Crazy Cloud Dies

Crazy Cloud Dies November 21, 2018




“The autumn breeze of a single night of love is better than a hundred thousand years of sitting meditation.” Ikkyu

Ikkyu Sojun died on this day, the 21st of November in the year 1481.

He was one of the singular figures of Japanese Zen.

Ikkyu was born in the suburbs of Kyoto in 1394. He possibly was an illegitimate child of the emperor and a courtier. At the age of five he was placed in a Rinzai monastery. At thirteen he entered Kenninji shortly after which began a period of wandering from temple to temple and teacher to teacher. He eventually settled into study with master Kaso at a branch temple of Daitokuji. After deeply investigating the koan system and with that his own heart Ikkyu received dharma transmission from Kaso.

From there he began another period of wandering.

Ikkyu was an eccentric, known to drink and carouse as well as to be a wildly devoted practitioner of zazen. His poetry was widely read. And, he is often credited with brining tea ceremony and Zen together in an unambiguous way. Also, he had a long term love-affair with the blind singer Mori. Small wonder he picked up the popular nickname, Kyoun, “crazy cloud.”

Through most of his life he avoided the Zen institutions. But late in life he was elected head of Daitokuji, which had been ravaged in a civil war, and lay in ruins.
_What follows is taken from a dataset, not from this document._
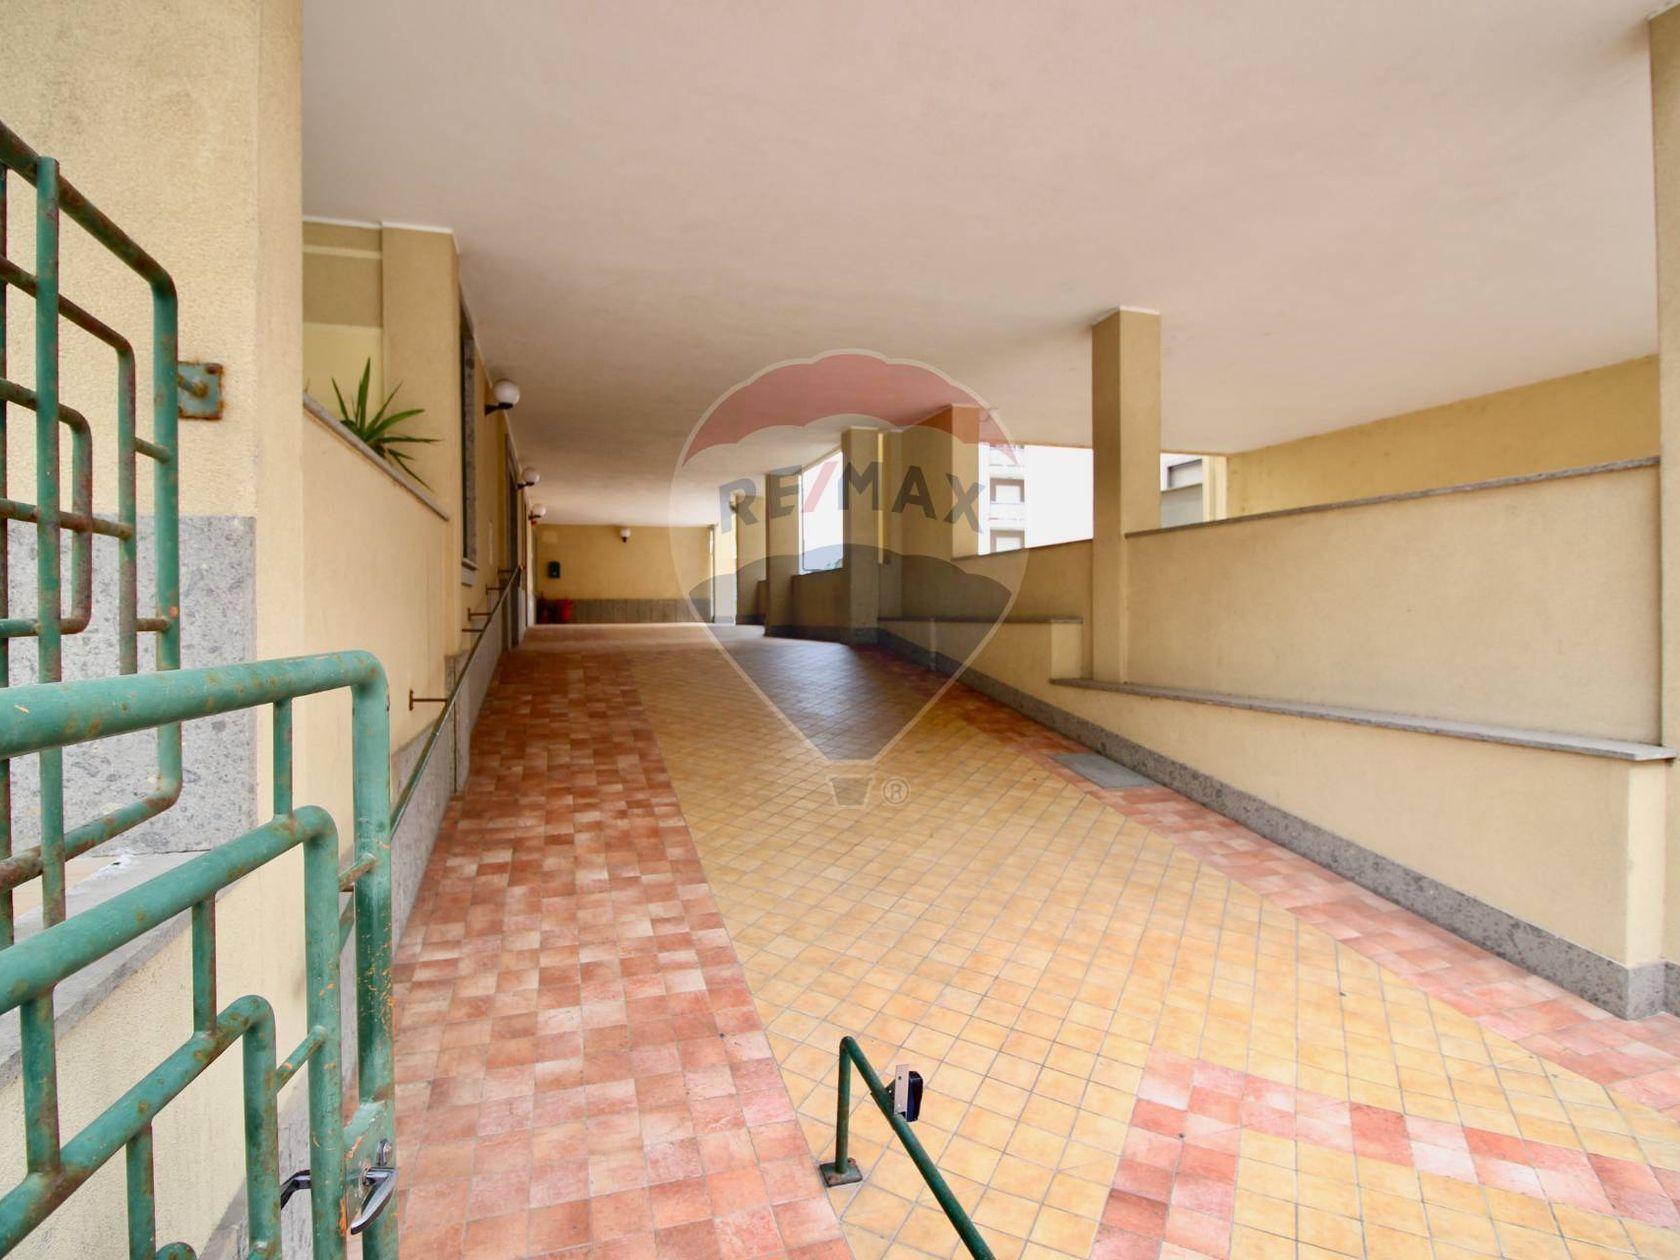 Appartamento Ss-s. Orsola Storica, Sassari, SS Vendita - Foto 20

With skill few expected he devoted himself to the restoration of the monastery.

After his death in 1481 he grew in legend to become a major folk figure as a sort of trickster figure tweaking authorities while at the same time offering something deep and true.

My life has been devoted to love play;
I’ve no regrets about being tangled in red thread from head to foot,
Nor am I ashamed to have spent my days as a Crazy Cloud—
But I sure don’t like this long, long bitter autumn of no good sex!
Follow the rule of celibacy blindly and you are no more than an ass;
Break it and you are only human.
The spirit of Zen is manifest in ways countless as the sands of the Ganges.
Every newborn is a fruit of the conjugal bond.
For how many eons have secret blossoms been budding and fading?